BEGIN Data to examine
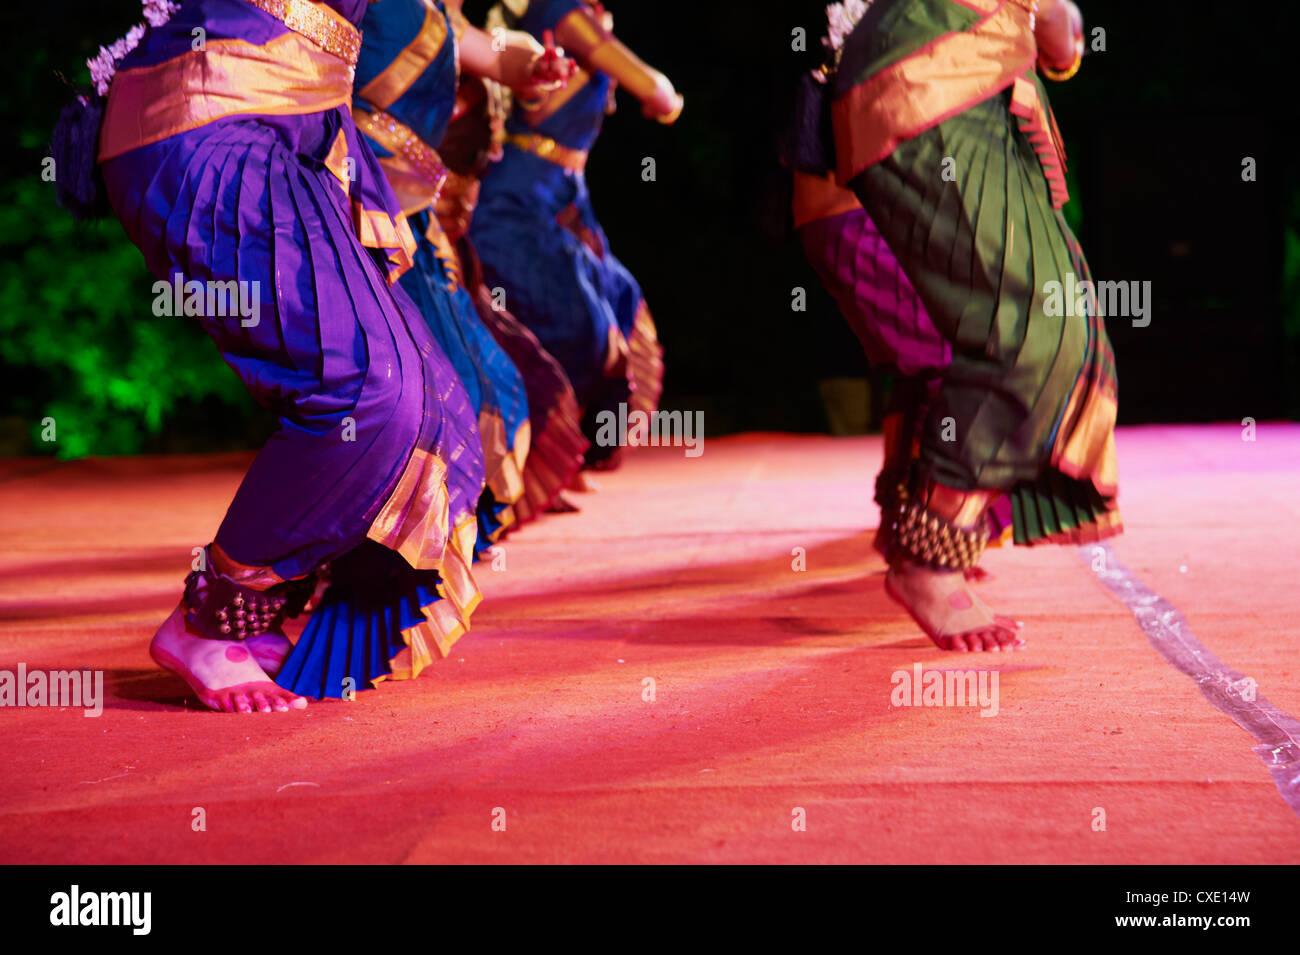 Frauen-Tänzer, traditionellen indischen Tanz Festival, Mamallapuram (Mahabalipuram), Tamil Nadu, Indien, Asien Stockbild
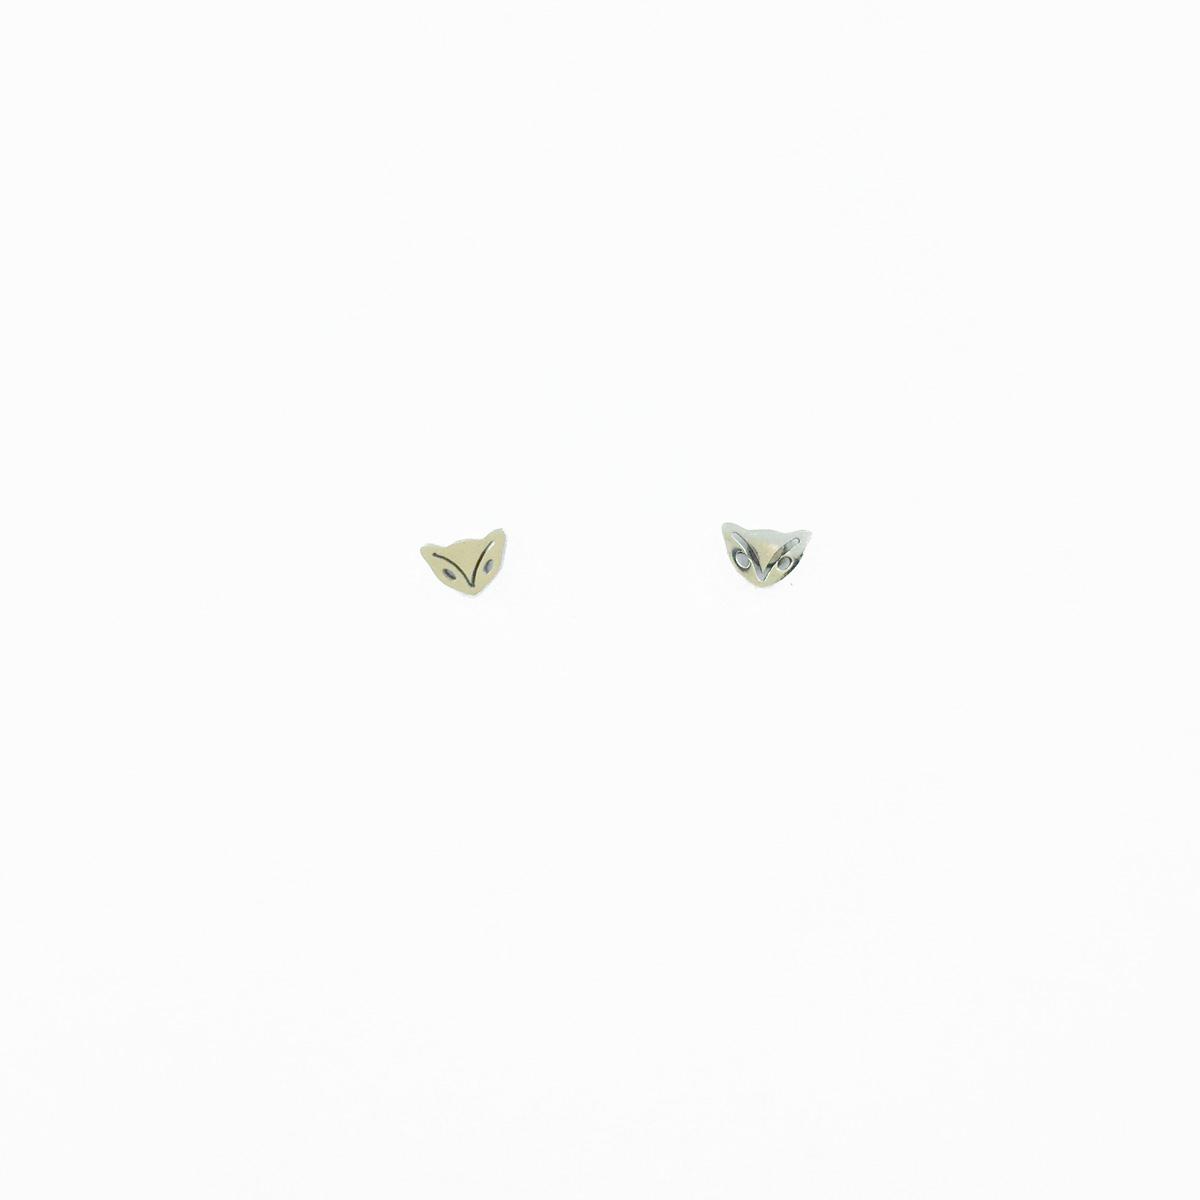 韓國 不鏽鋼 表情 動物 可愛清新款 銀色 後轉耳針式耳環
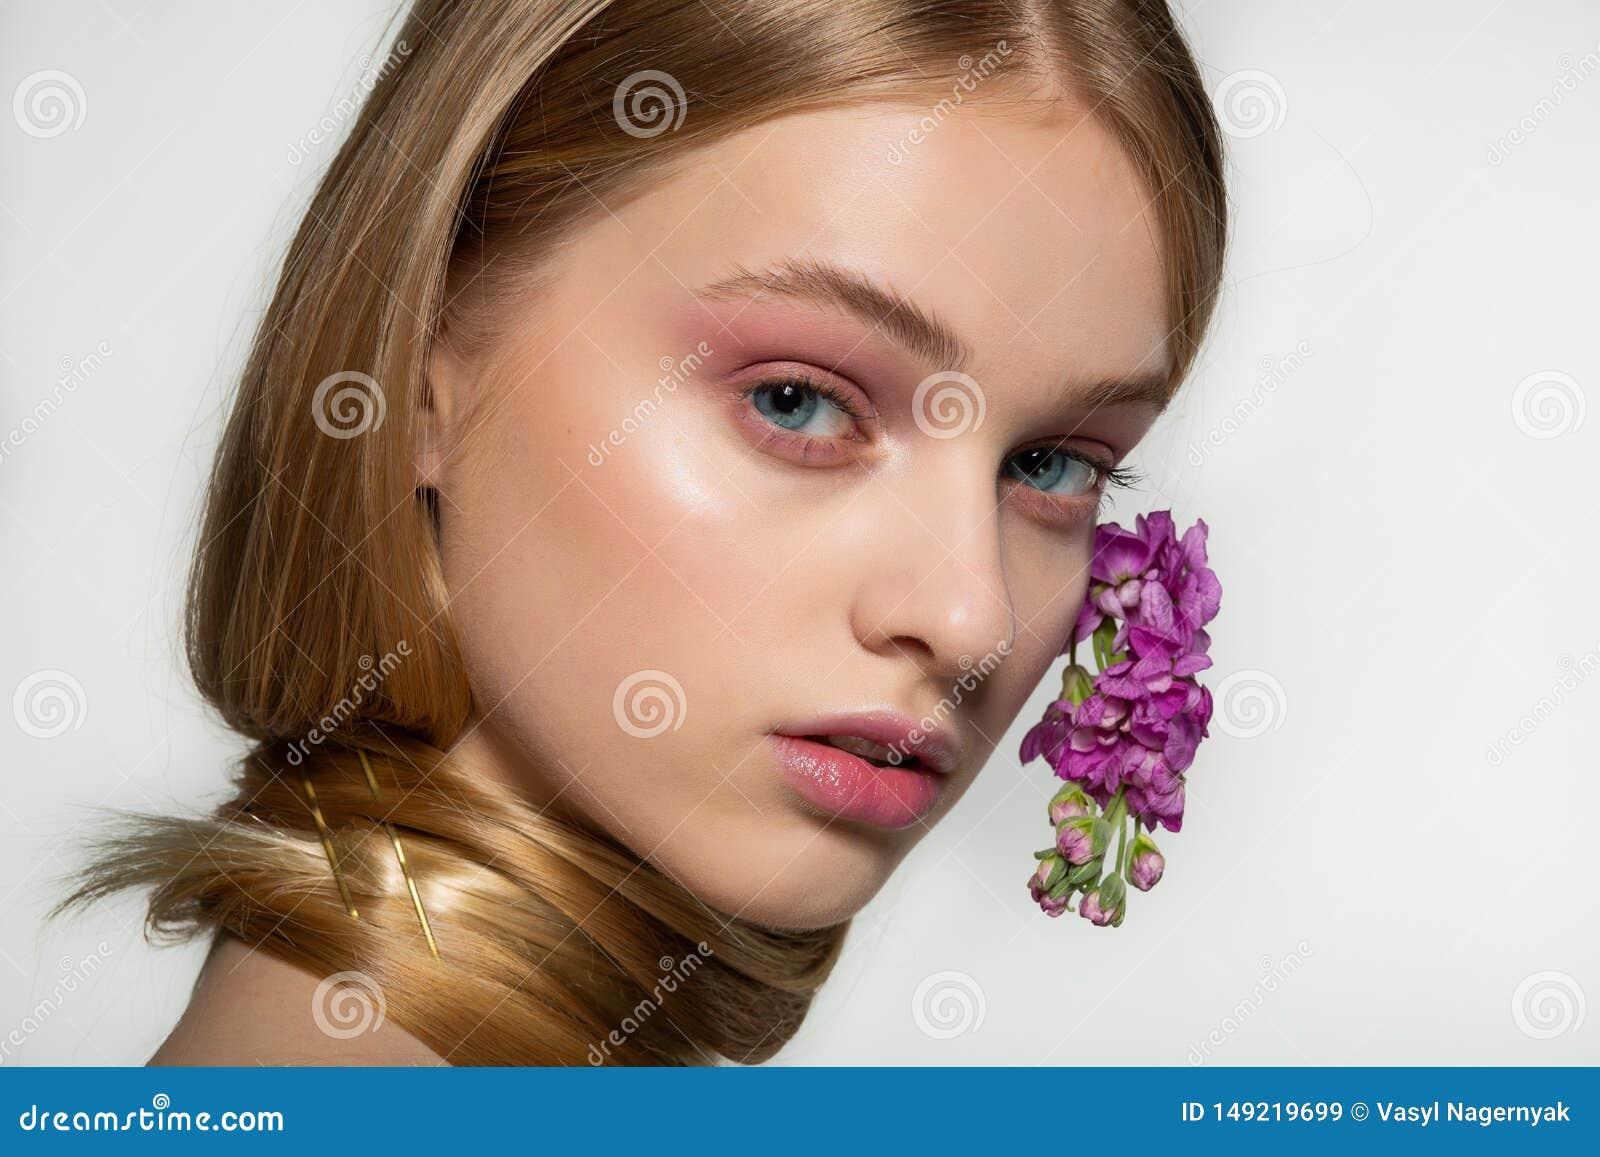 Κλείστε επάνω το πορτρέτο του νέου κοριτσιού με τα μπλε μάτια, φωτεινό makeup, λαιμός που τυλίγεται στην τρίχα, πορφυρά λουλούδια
END Data to examine
BEGIN Data to examine
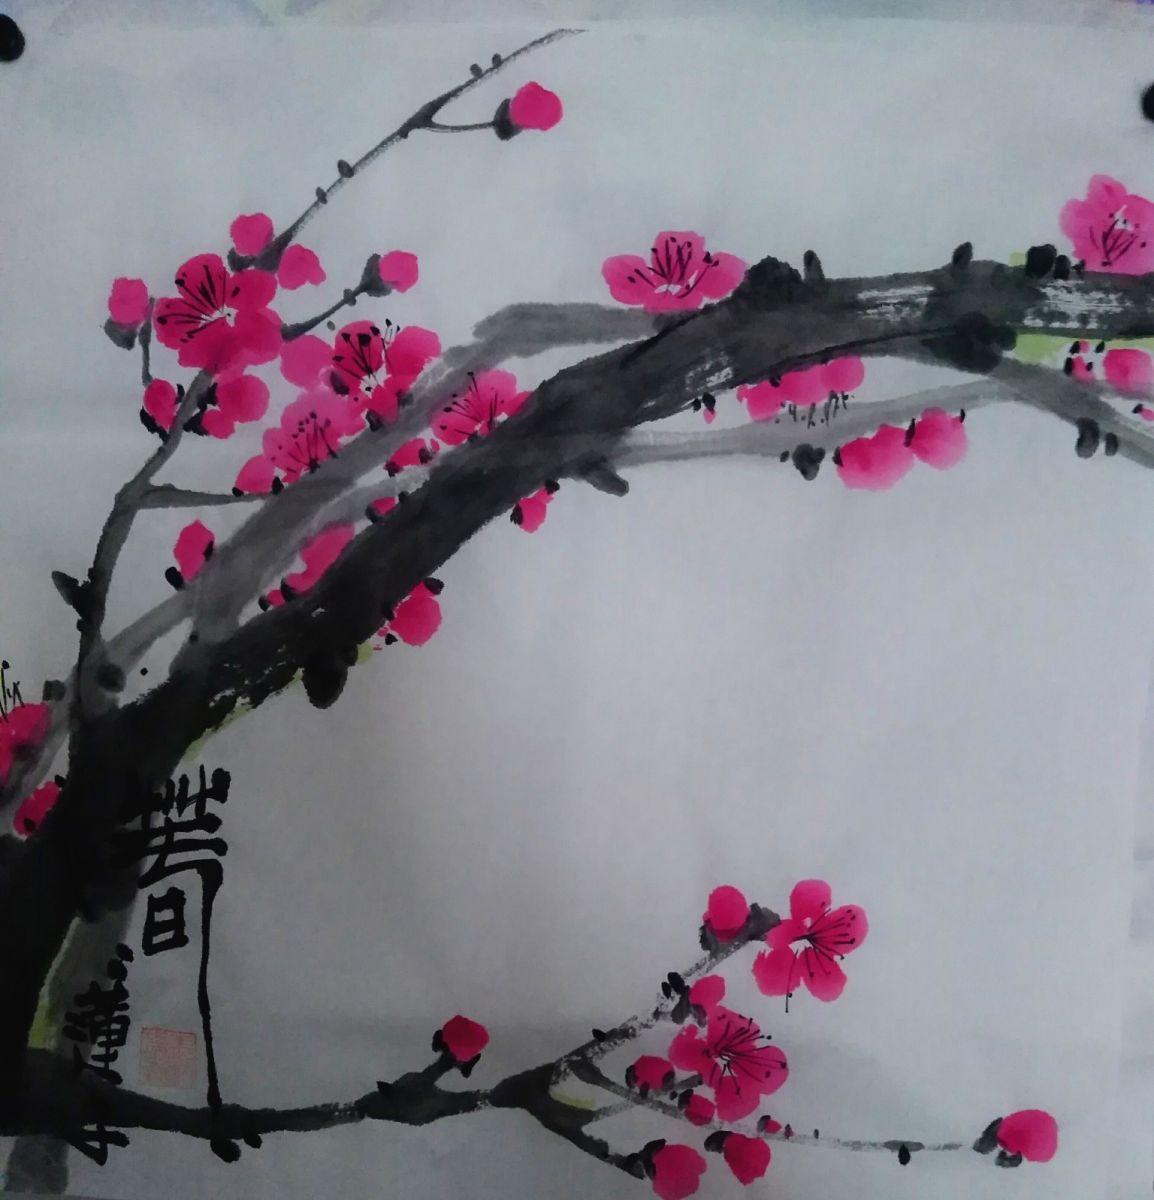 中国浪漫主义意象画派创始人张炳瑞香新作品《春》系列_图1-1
END Data to examine
» What is expected
Starting with the line that contains "韓國 不鏽鋼 表情 動物 可愛清新款 銀色 後轉耳針式耳環" and finishing with the line that contains "Κλείστε επάνω το", reproduce every line of the material above exactly, but not the pictures.

» Answer to this task
 韓國 不鏽鋼 表情 動物 可愛清新款 銀色 後轉耳針式耳環
 Κλείστε επάνω το πορτρέτο του νέου κοριτσιού με τα μπλε μάτια, φωτεινό makeup, λαιμός που τυλίγεται στην τρίχα, πορφυρά λουλούδια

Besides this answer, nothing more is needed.